Requirement: Real-time communications (sub-second)
As captured in Open edX Adaptive Learning, adaptive learning in Open edX will enable the platform to respond to a learner’s interactions in real-time, automatically providing the learner with individualized support. Data analysis from earlier experimental attempts on edX.org and elsewhere show how adaptive learning mechanisms can significantly improve the learner’s efficiency, engagement, and retention, while providing a more effective learning experience with metacognitive support for life-long learning.
As an iterative path to this future, the immediate goal is to enable integrations with external adaptive engines. In the far future, we may also implement our own open-sourced adaptive engines. But in the meantime, we would like to establish standard APIs that (1) adaptive engines can use to receive real-time events from the Open edX LMS, (2) the Open edX LMS can use to query adaptive engines on what to present to learners, and (3) train adaptive engines based on standard events collected from multiple sources. This document focuses on #1 with the need to send scalable and real-time updates to adaptive engines. This is depicted by the left-hand flow in the diagram below. #3 is described in LRS (Future).

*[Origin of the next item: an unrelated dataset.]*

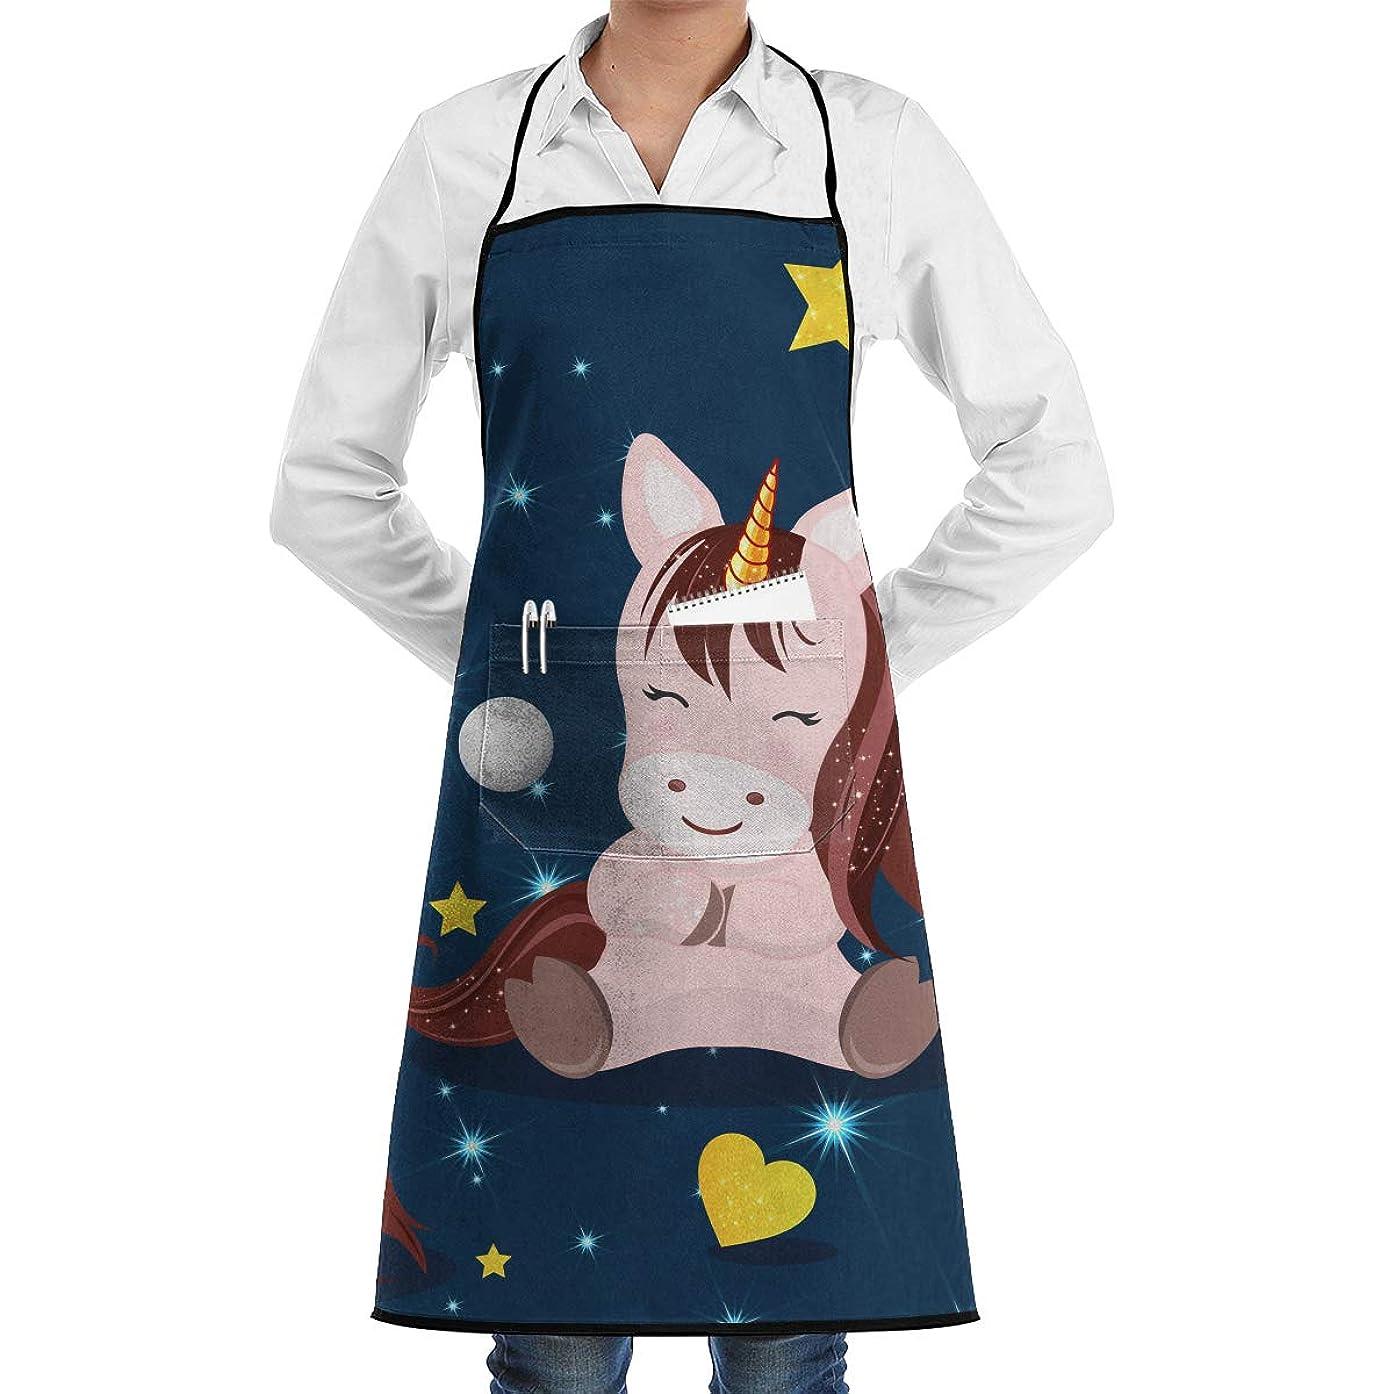 Kitchen Chef Bib Apron Cartoon Unicorn Neck Waist Tie Center Kangaroo Pocket Waterproof

Requirement: Near-real-time communications (minutes)
As an integration option for Enterprise clients, real-time events allow the Open edX system to immediately notify Enterprises of high-interest learning activities, such as course enrollments and completions, for learners in their organizations. Note that typically Enterprises favor xAPI as their standard of choice.

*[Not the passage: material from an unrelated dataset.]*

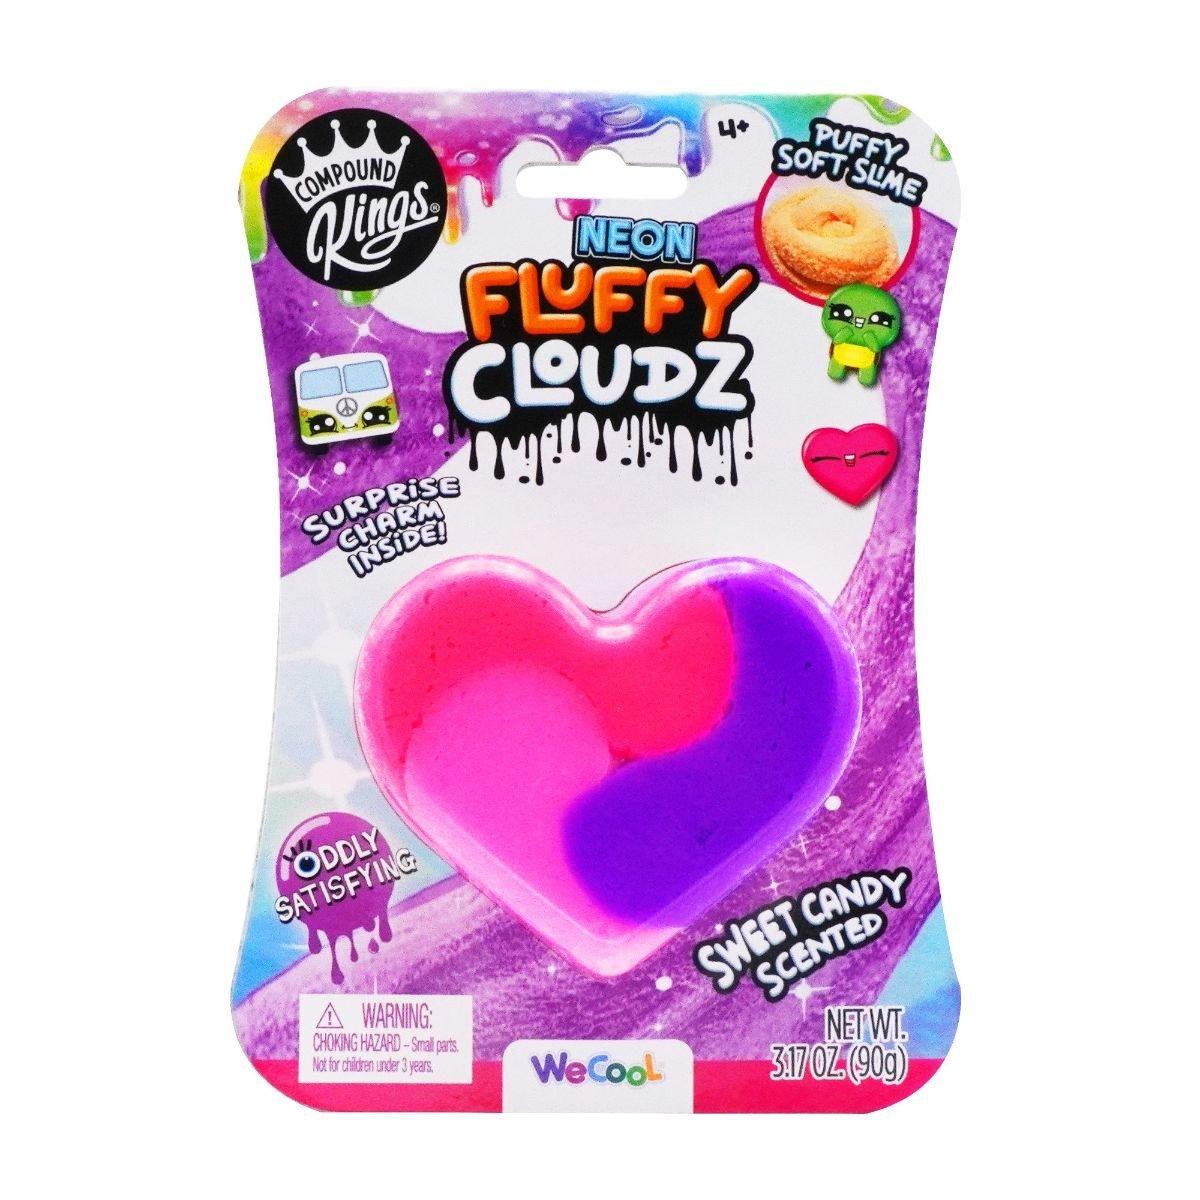 Slime parfumat cu surpriza, Compound Kings, Neon Fluffy Cloudz, Sweet Candy, 90 g

Requirement: Near-real-time communications (minutes)
Real-time events also allow the Open edX system to immediately notify Universities of their high-interest learning activities, such as unenrollments. Note that, in contrast to Enterprises, Universities typically favor Caliper as their standard of choice.
Requirement: Near-real-time communications (minutes)
Another emerging use case is allowing unification of events across multiple LMS’s. As a specific example, an organization that uses multiple Open edX instances (as multiple options for their learners or for distributing their reusable content) may want to accumulate all their LMS events in a single Learning Record Store that is then queried in real-time.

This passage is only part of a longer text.